井ノ原 藤巻さんがソロ活動を始めたとき、悩まずにスッと活動していたらここで共演できなかったかもしれないですよね。ちょっとでもタイミングがずれたら、ここにはたどり着けなかったんだろうなと。そう思うと、このフェスに出演する皆さんは奇跡的なラインナップですし、きっとポカポカな晴れのいい日になりそうですよね。

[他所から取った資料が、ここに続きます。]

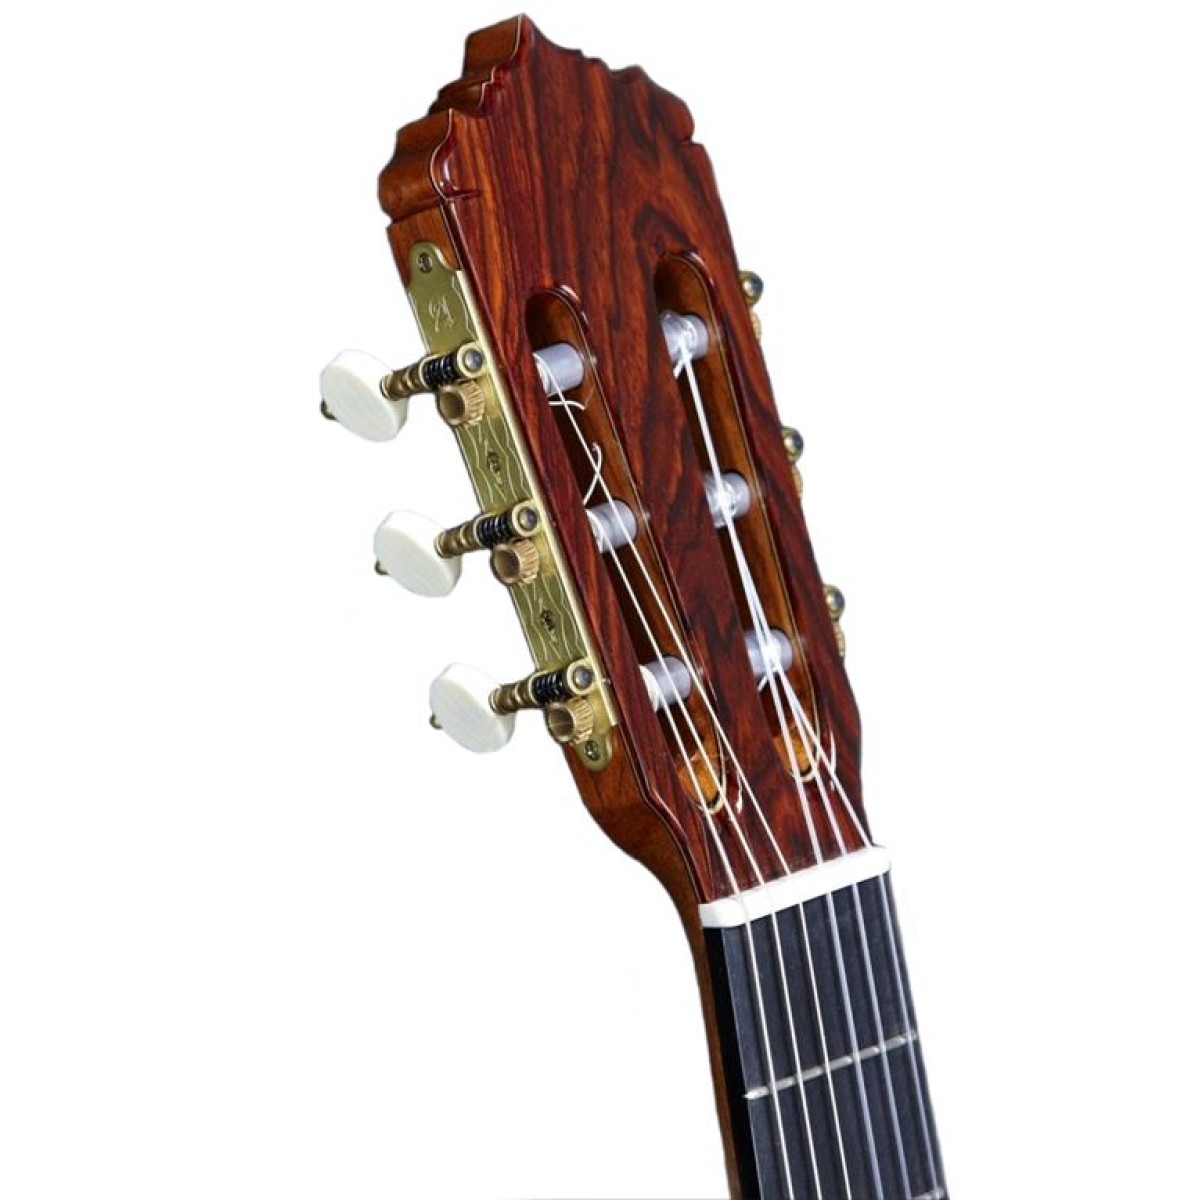 ALHAMBRA Linea Profesional Κλασική κιθάρα 4/4 με Bαλίτσα Alhambra 9650

藤巻 本当に、こうやって皆さんが集まって、みんなで音楽を愛して、この場所この時間でしか共有できないものを作り出すという、スペシャルな1日にしたいと思います!

公演情報

Mt.FUJIMAKI 2025

「Mt.FUJIMAKI 2025」告知ビジュアル

2024年9月27日(土)山梨県 山中湖交流プラザ きらら
<出演者>
吉井和哉(THE YELLOW MONKEY) / スガシカオ / スキマスイッチ / 井ノ原快彦(20th Century) / 阿部真央 / Lucky Kilimanjaro / 藤巻亮太

公式サイト

プロフィール

藤巻亮太(フジマキリョウタ)

1980年1月12日生まれ、山梨県出身。2000年12月にレミオロメンを結成し、ギター&ボーカルを担当。「3月9日」「南風」「粉雪」など数々のヒット曲を発表したのち、2012年2月にレミオロメンの活動休止を発表する。同月に初のソロシングル「光をあつめて」、10月には1stアルバム「オオカミ青年」をリリース。以降もソロ活動を活発に展開し、2019年4月にはレミオロメンの楽曲をセルフカバーしたアルバム「RYOTA FUJIMAKI Acoustic Recordings 2000-2010」を、2025年3月に5thアルバム「儚く脆いもの」をリリースした。2018年からは自身が主催する野外音楽フェス「Mt. FUJIMAKI」を山梨・山中湖交流プラザ きららで開催しており、2025年は9月27日に行われる。

井ノ原快彦(イノハラヨシヒコ)

1976年5月17日生まれ。東京出身。1995年にV6のメンバーとして「MUSIC FOR THE PEOPLE」でデビュー。「愛なんだ」「WAになっておどろう」など数々のヒット曲を飛ばす。現在は、坂本昌行、長野博とともに、20th Centuryとしても精力的に活動を行っており、2023年6月にアルバム「二十世紀 FOR THE PEOPLE」、2025年6月に17年ぶりとなるCDシングル「ネバギバ~Never Give Up!~」をリリースした。2018年から2025年までテレビ朝日系で放送されていた刑事ドラマシリーズ「特捜9」で主演を務めたり、情報バラエティ「出没!アド街ック天国」で司会をしたりと、幅広く活躍している。